Weak lensing by intergalactic ministructures in quadruple lens systems: simulation and detection

We investigate the weak lensing effects of line-of-sight structures on quadruple images in quasar-galaxy strong lens systems based on N-body and ray-tracing simulations that can resolve haloes with a mass of ∼10⁵ M_⊙. The intervening haloes and voids disturb the magnification ratios of lensed images as well as their relative positions due to lensing. The magnification ratios typically change by O(10 per cent) when the shifts of relative angular positions of lensed images are constrained to <0.004 arcsec.
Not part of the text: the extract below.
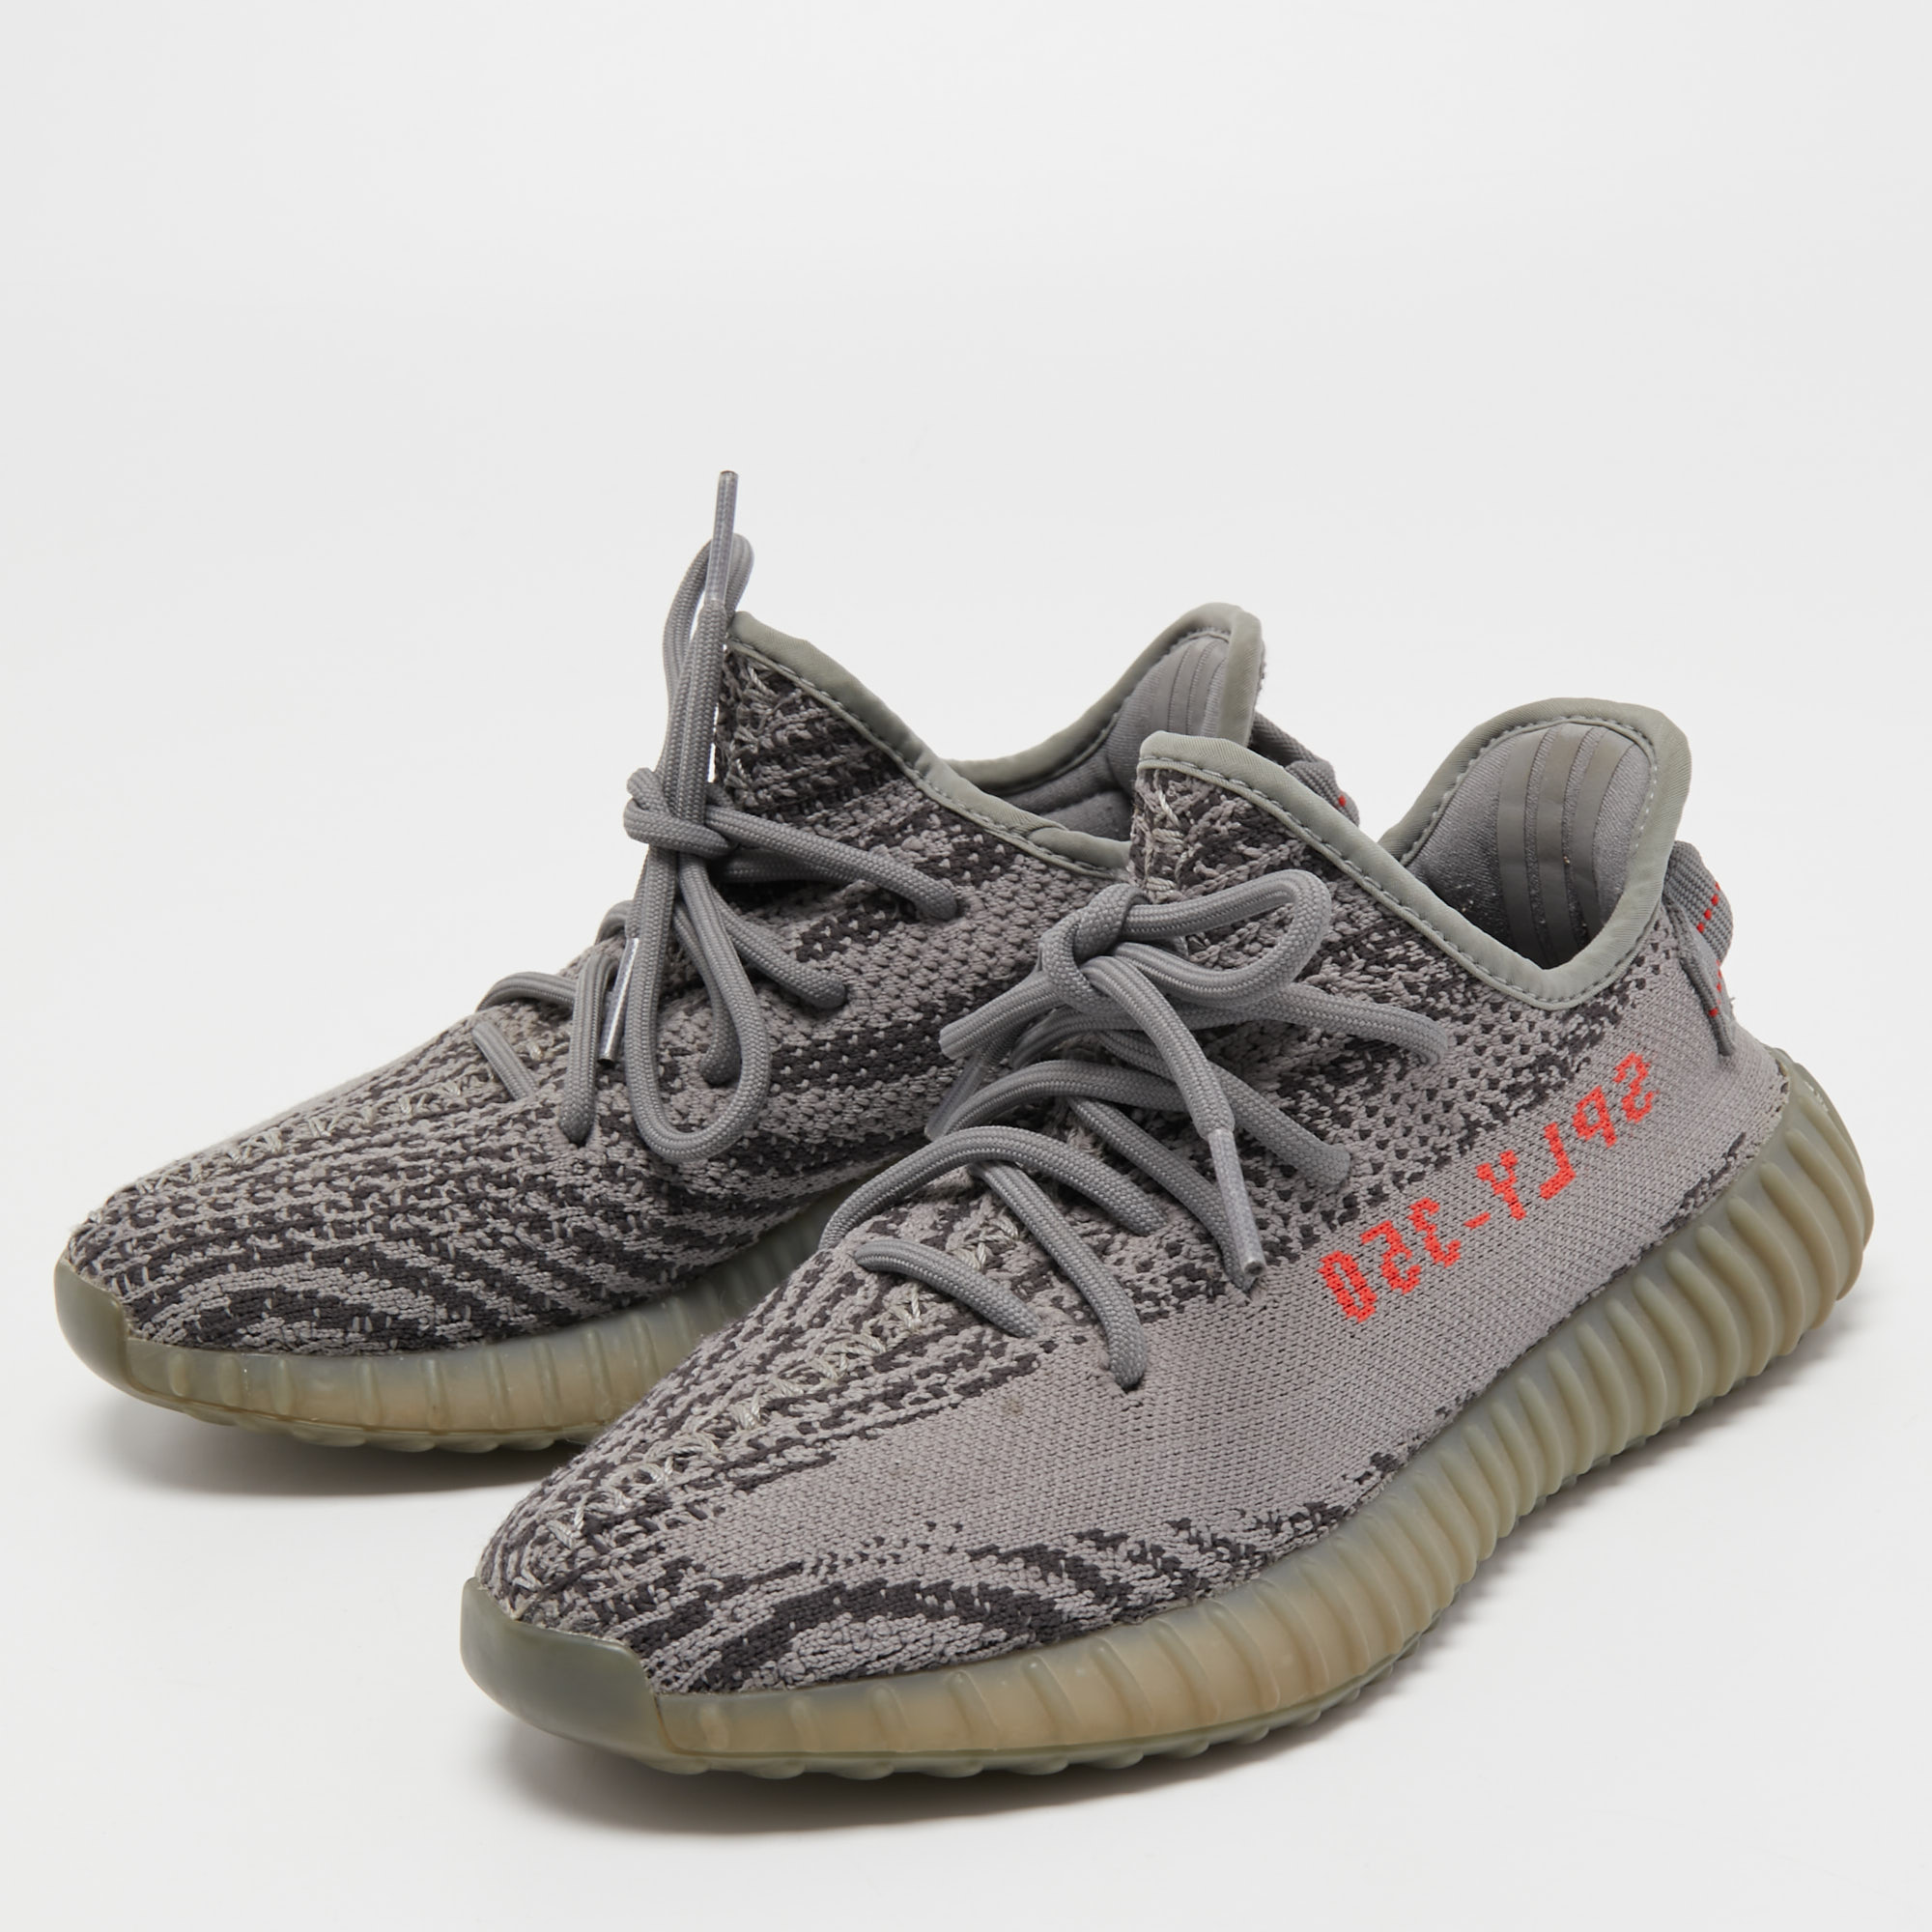 

Yeezy x Adidas Grey Knit Fabric Boost 350 V2 Beluga 2.0 Sneakers Size
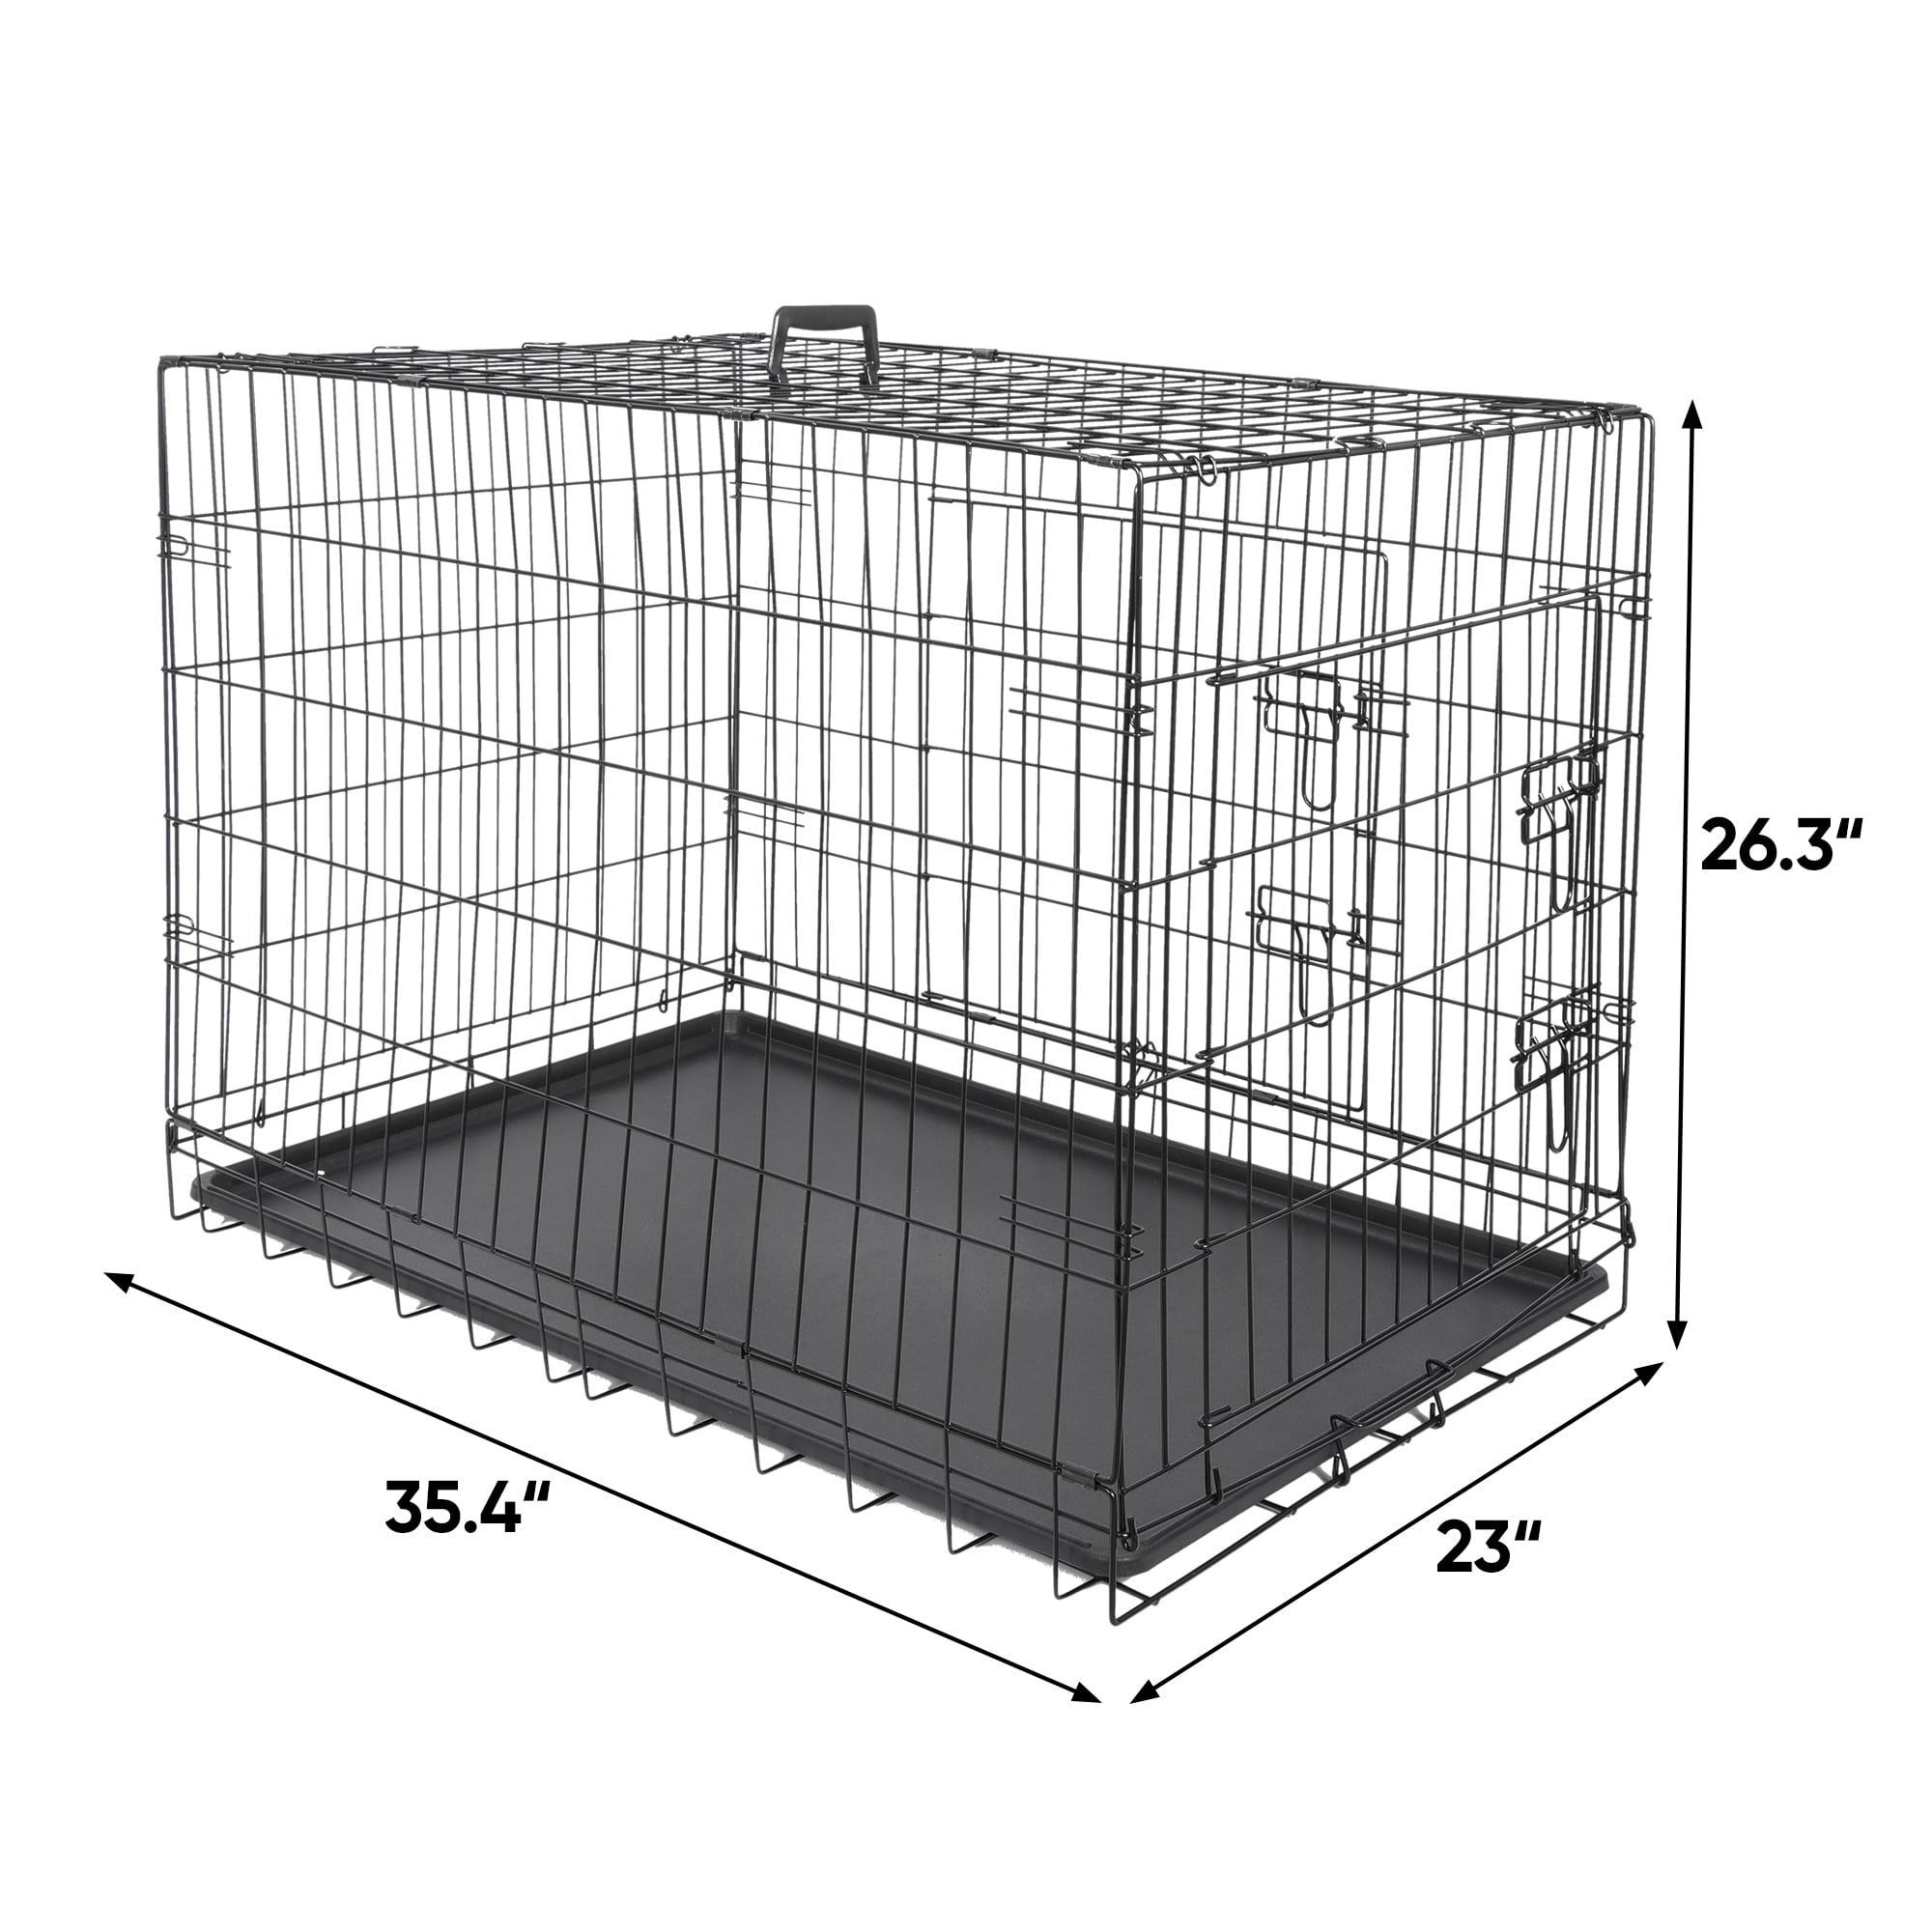 ZENY 30 inch Dog Crate Double Door Folding Metal Dog or Pet Crate Kennel with Tray and Handle

The constrained amplitudes of projected density perturbations due to line-of-sight structures are O(10⁸) M_⊙ arcsec^{- 2}. These results are consistent with our new analytical estimate based on the two-point correlation of density fluctuations. The observed mid-infrared flux ratios for six quasar-galaxy lens systems with quadruple images agree well with the numerically estimated values without taking into account subhalos residing in the lensing galaxies. We find that the constrained mean amplitudes of projected density perturbations in the line of sight are negative, which suggests that the fluxes of lensed images are perturbed mainly by minivoids and minihaloes in underdense regions. We derive a new fitting formula for estimating the probability distribution function of magnification perturbation. We also find that the mean amplitude of magnification perturbation roughly equals the standard deviation regardless of the model parameters.